Chapter 5 QC Plots Module

The QC Plots module performs basic QC analyses, as described in following paragraphs, on an uploaded dataset to evaluate integrity and quality of the data. The plots were generated using ggplot, plotly, ComplexHeatmap and pheatmap R packages.

5.1 PCA Plot

5.1.1 PCA Plot

The principle component analysis (PCA) plot displays, by default, the first 2 PC’s in the dataset and colors study groups with “none” selected in shape and size settings. This plot is highly customizable. Users can change the display by annotating the plot with different colors, shapes, size scheme, as well as label selected subsets data points.

To illustrate the strengths of customization, we changed a few display elements, including labeling Treatment by shape (red rectangle boxes), showing ellipsoid (blue rectangle boxes and arrows) and showing marginal rugs (green rectangle boxes) as shown below to visualize the influence of Age and Treatment on sample clustering:

These changes results in a PCA plot that showed that both Age and Treatment played some moderate effect that drives small separation among the groups although most of the samples are in a overlapped region. The Ellipsoid feature helps group samples by the color attribute, while the Marginal Rug feature helps understand the sample distribution along the axis.

Furthermore, the plot can be saved in high resolution by clicking on “Save to Output”. Section 19 of this document describes the next steps of downloading and obtaining the saved plots.

5.1.2 Eigenvalues

By default, the PCA plot displays PC1 and PC2 as described in Section 5.1. However, in many cases other PC’s may be important in explaining additional variance in the dataset. This sub-tab generates a plot of the variances versus the first 10 PCs in the dataset, enabling Users to make educated decisions of which PCs to plot in 2D scatter plot. In this dataset PC1 and PC2 together explain around 33% of the variance.
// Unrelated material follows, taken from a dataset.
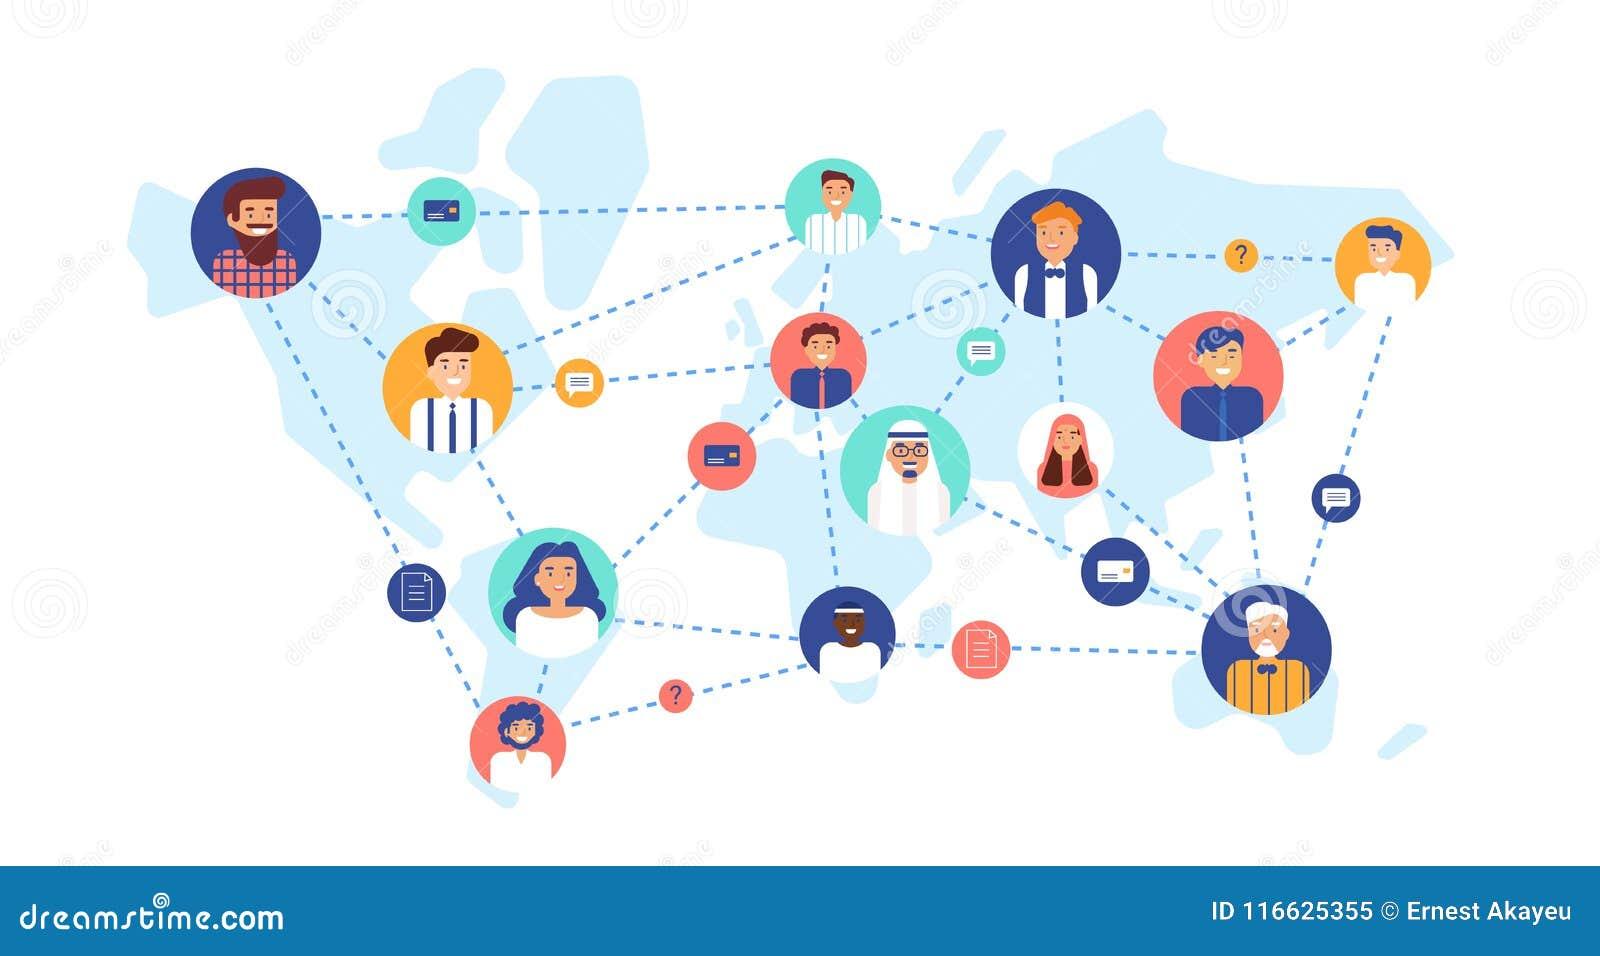 Στρογγυλά πορτρέτα των χαμογελώντας ανθρώπων που συνδέονται ο ένας με τον άλλον στον παγκόσμιο χάρτη Διεθνής επιχειρησιακή ομάδα,

PC2 and PC3 were used to redo the PCA plot, but here the factors driving the separation of the samples is not as clear although we can see that the samples in the Old group are more spreading out.

5.1.3 PCA Loading Table

A PCA loading table for RNA-Seq data displays the loadings of each gene, which are the unit eigenvectors scaled by the square root of the eigenvalues. Genes with large positive or negative loadings have the greatest influence on the direction of the principal component. By comparing loadings across principal components, one can identify the genes that account for the most variation in the data.

By turn on the function to “Show PCA Loading”, users can see the top contributing genes in the PCA plot.

You can see that the top 5 genes in the PCA plot are consistent with the top 5 genes in the sorted PCA Loading table.

5.1.4 PCA 3D Plot

This sub-tab contains a way to perform 3D PCA representation. The functionality is limited to doing so only on PC1, PC2 and PC3. Users can zoom in and out to focus on different areas of the plot or rotate the plot in different axes to find the best separation by age as shown below. There are 5 attributes that can be changed: maximal number of principal components, color by group, ellipsoid inclusion, labels of the samples and color scheme.

The “Plot Ellipsoid” attribute was changed in the following plot. This highlights the boundaries of sample groups.

5.1.5 PCA 3D Interactive

This tab is similar to the previous one (5.4 PCA 3D Plot), but here users have the additional capability to hover over the samples on the plot to identify more details, see the pointer below. This was implemented through the plotly package in R. Users can change 4 attributes here: maximal number of principal components, color by group, shape by group, and color scheme.

In the plot below, the “Color By” and “Shape By” attributes have been changed to highlight the check the group separation.

5.2 Covariates

The Covariates tab provides flexibility to visualize the covariates, such as Age_group, group, and Treatment showing here. Users can also adjust the covariates and cutoffs on the left and click “Compute/Refresh” to show the result table. The table contains several columns including the Significance, p-value, and FDR for each covariates listed.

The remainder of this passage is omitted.